# Dataset content:
-*-*-

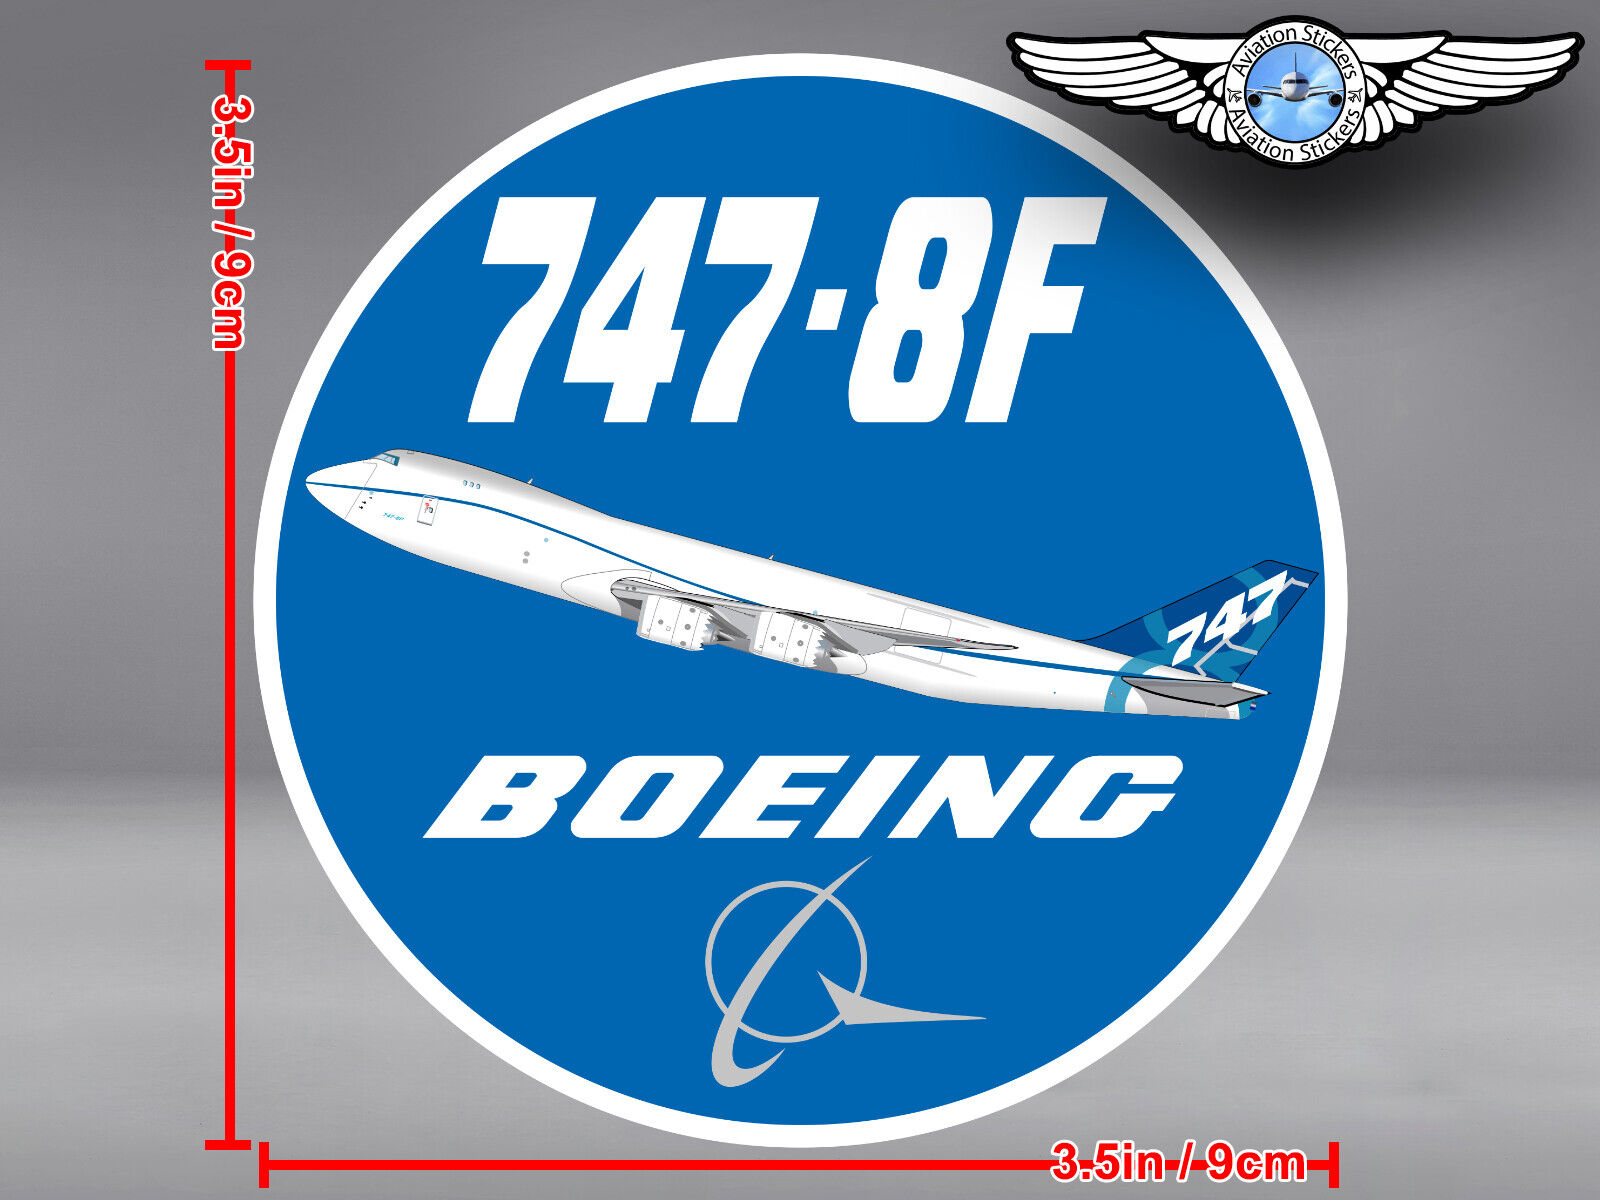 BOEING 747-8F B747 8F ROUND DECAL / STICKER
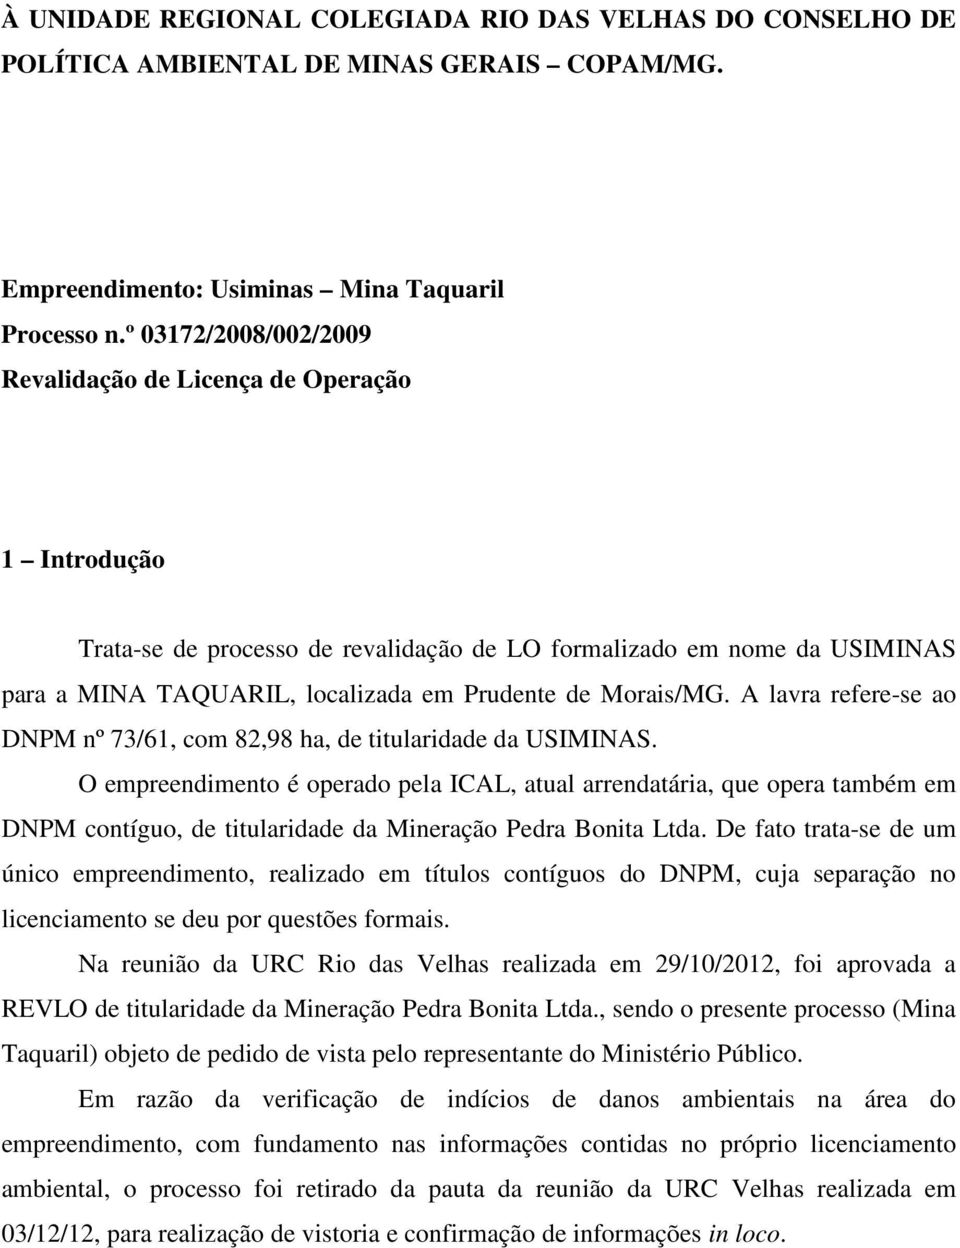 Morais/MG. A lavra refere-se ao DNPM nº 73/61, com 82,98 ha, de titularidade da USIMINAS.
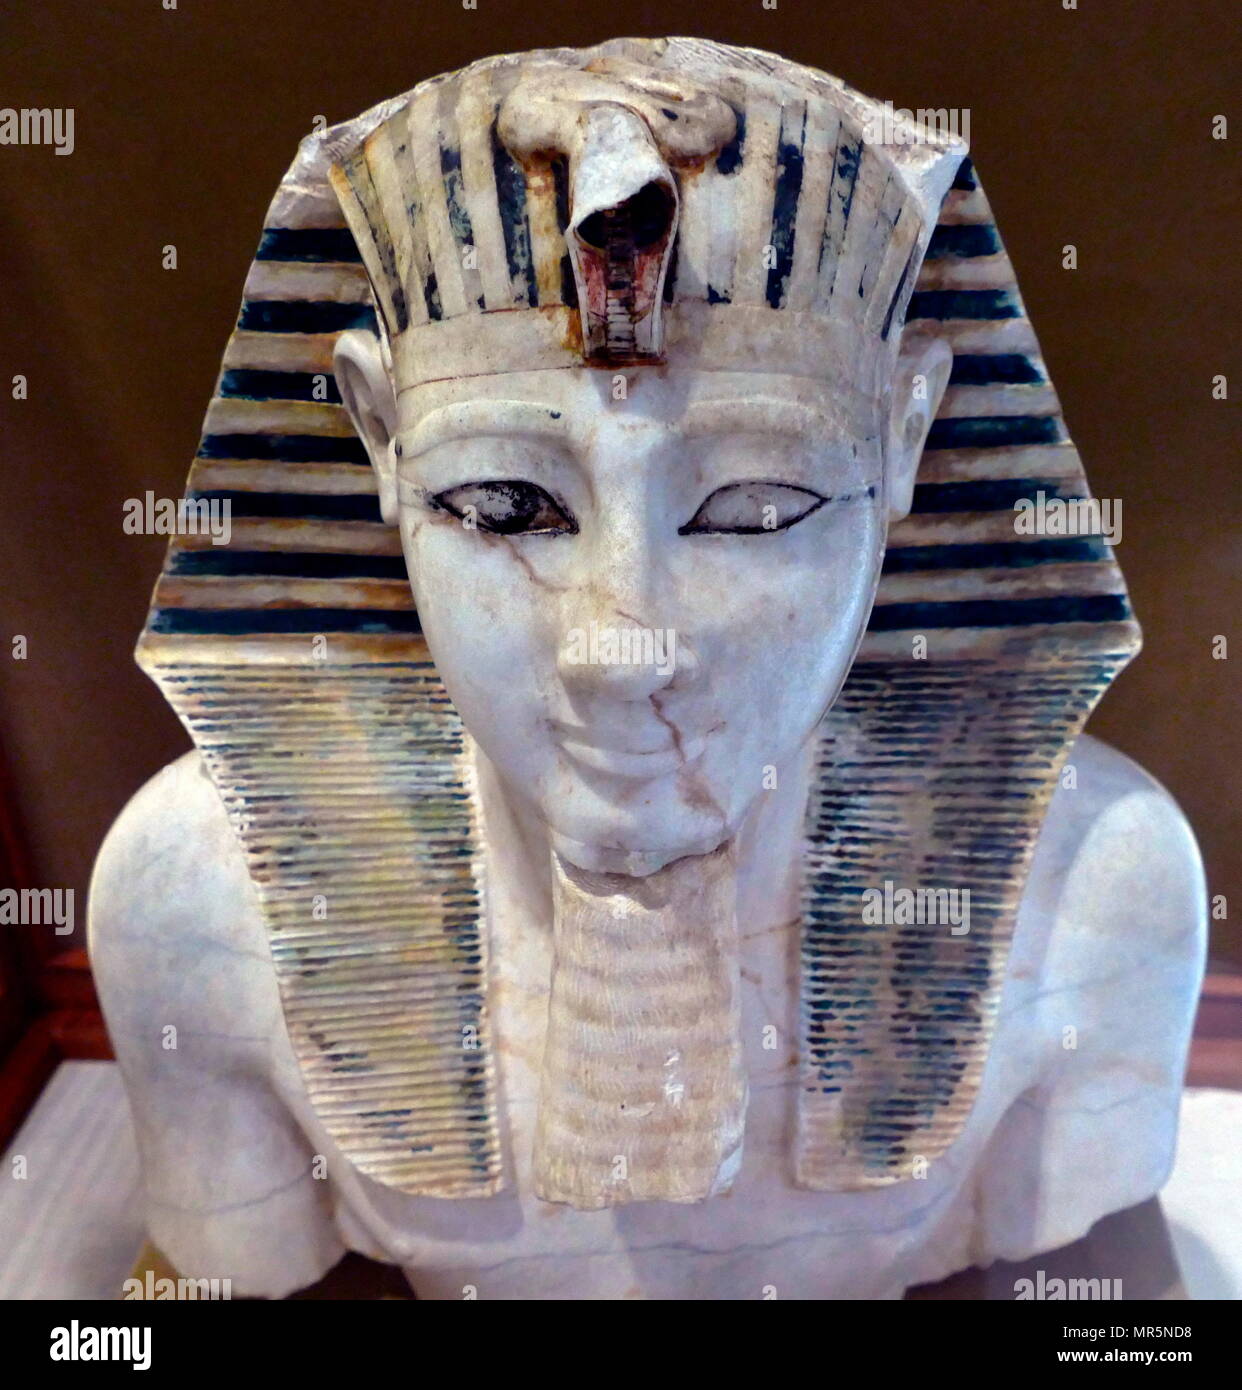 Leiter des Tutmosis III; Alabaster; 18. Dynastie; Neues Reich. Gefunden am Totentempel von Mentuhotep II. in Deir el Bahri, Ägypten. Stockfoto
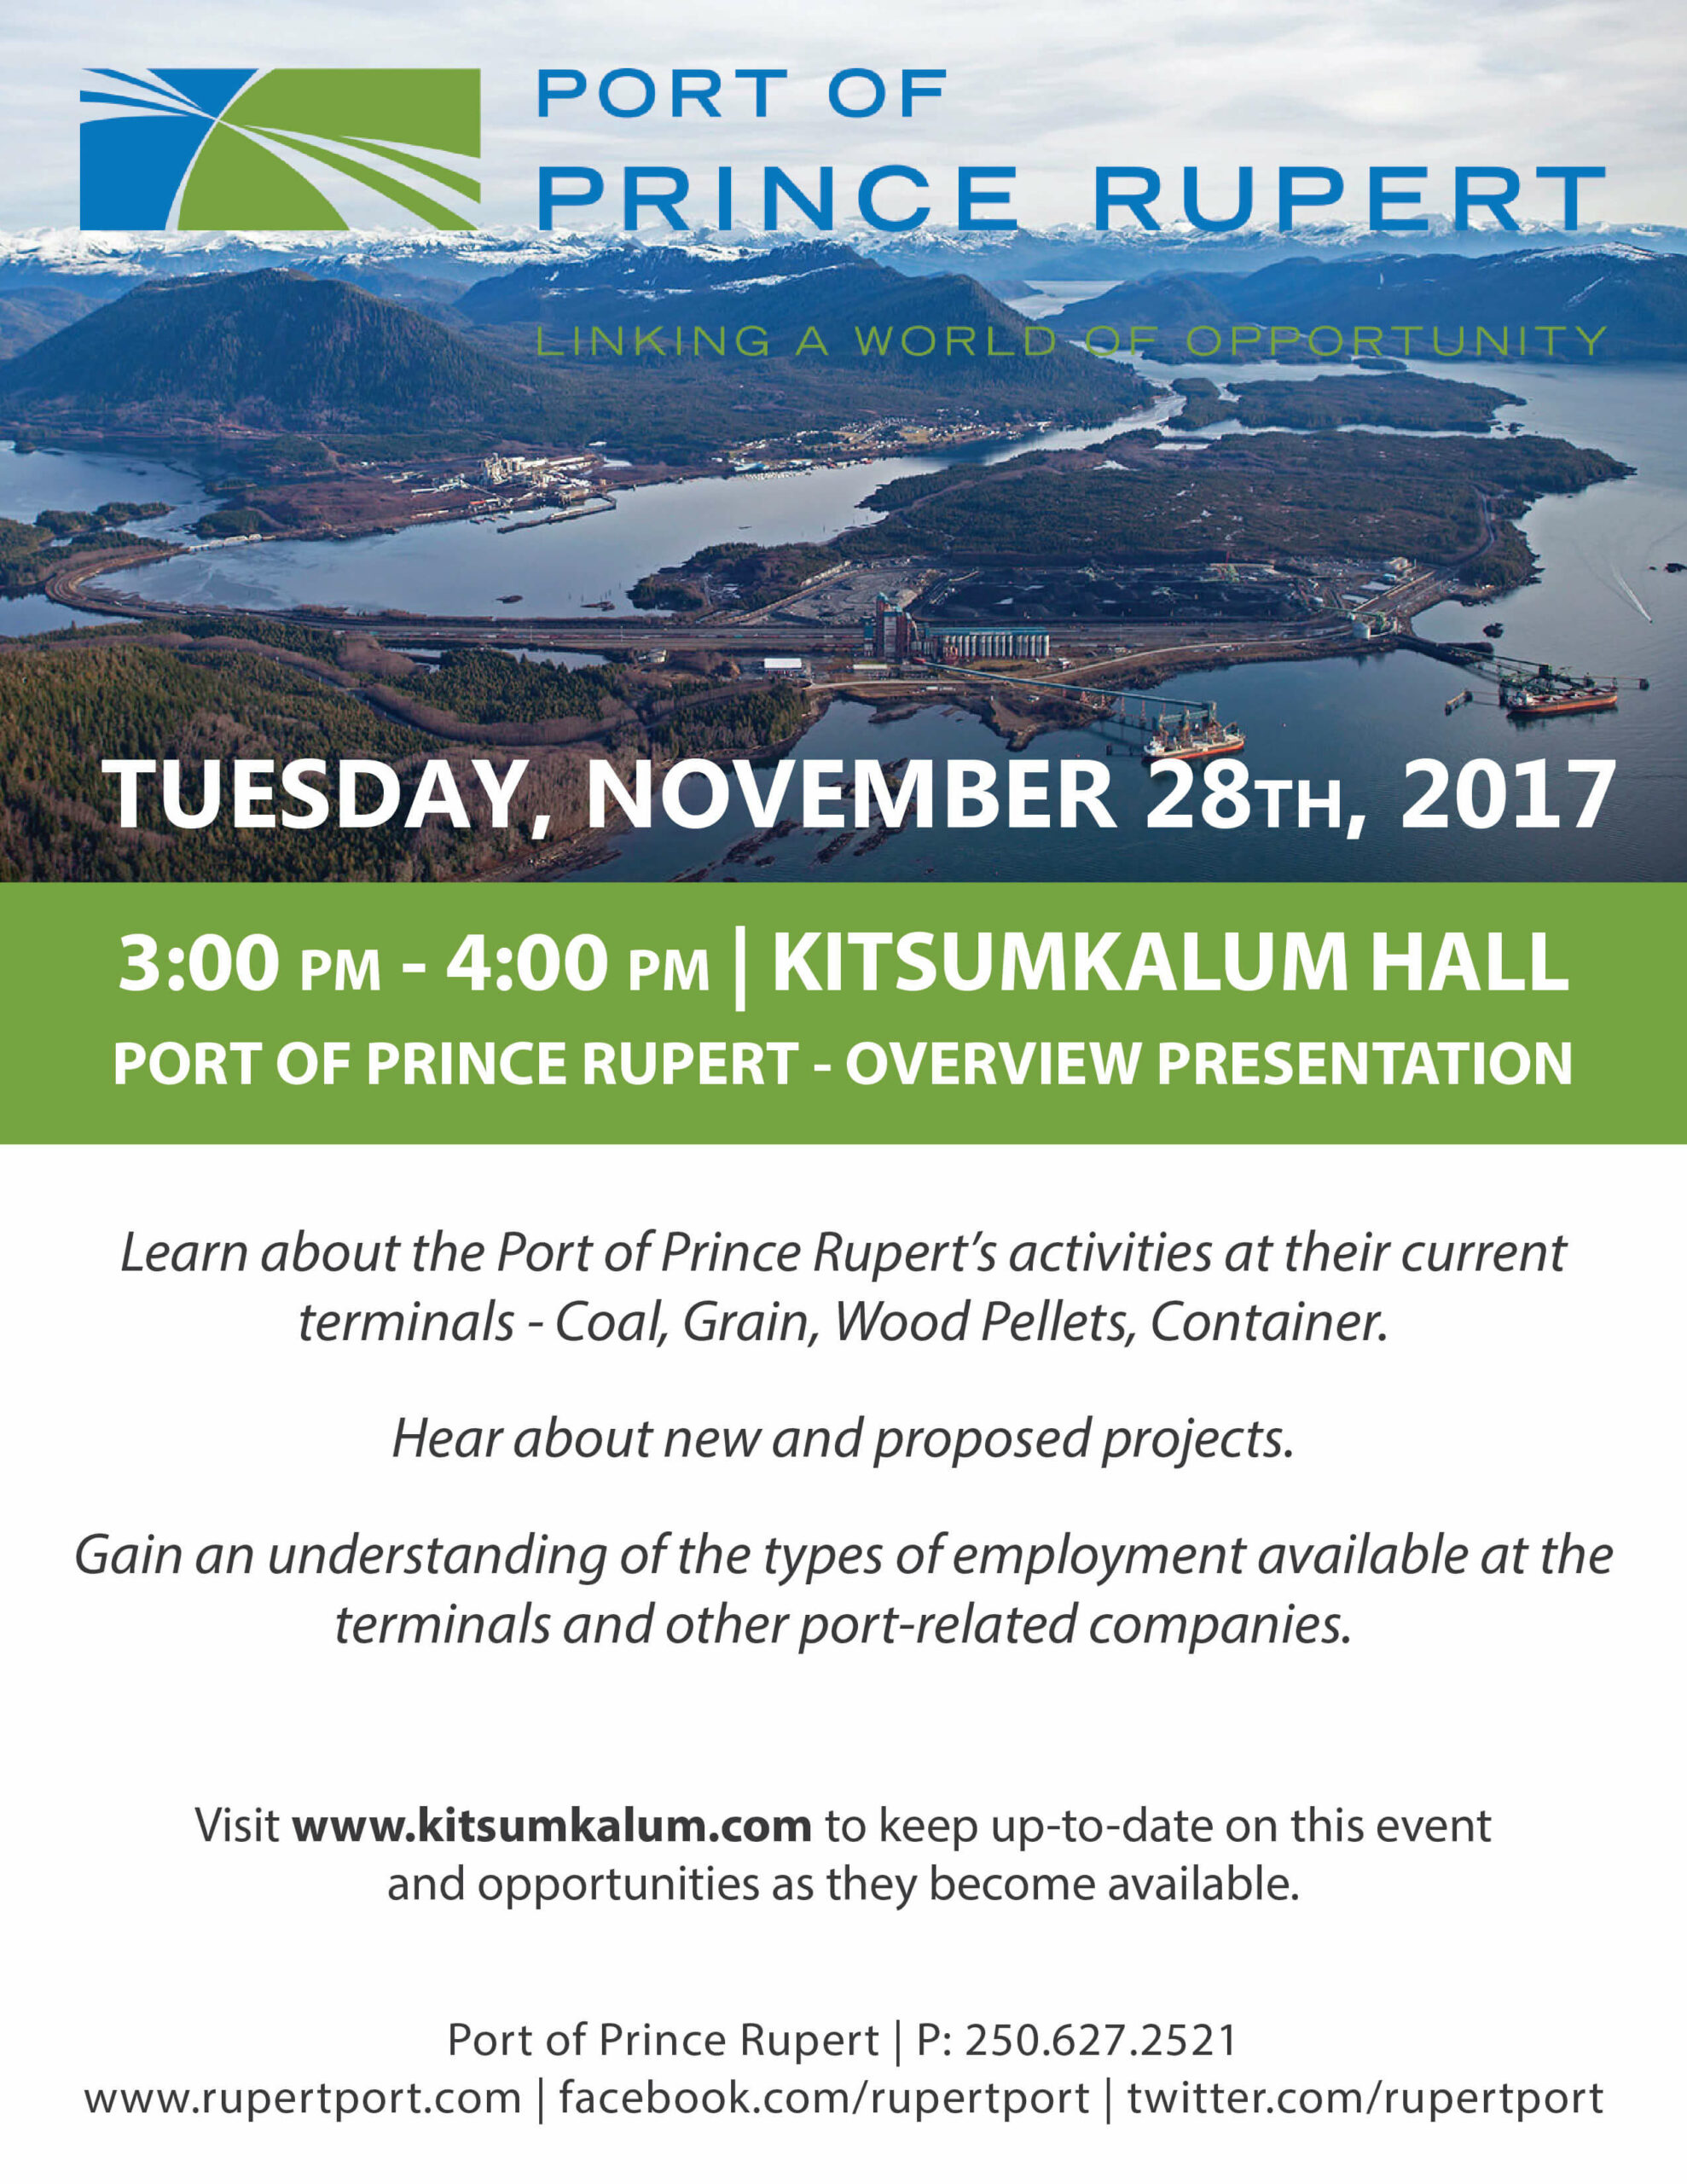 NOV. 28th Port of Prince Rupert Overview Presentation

-*-*-

# Task:
Each line above should be returned exactly as it stands, minus any pictures.

# Exercise result:
 BOEING 747-8F B747 8F ROUND DECAL / STICKER
 Morais/MG. A lavra refere-se ao DNPM nº 73/61, com 82,98 ha, de titularidade da USIMINAS.
 Leiter des Tutmosis III; Alabaster; 18. Dynastie; Neues Reich. Gefunden am Totentempel von Mentuhotep II. in Deir el Bahri, Ägypten. Stockfoto
 NOV. 28th Port of Prince Rupert Overview Presentation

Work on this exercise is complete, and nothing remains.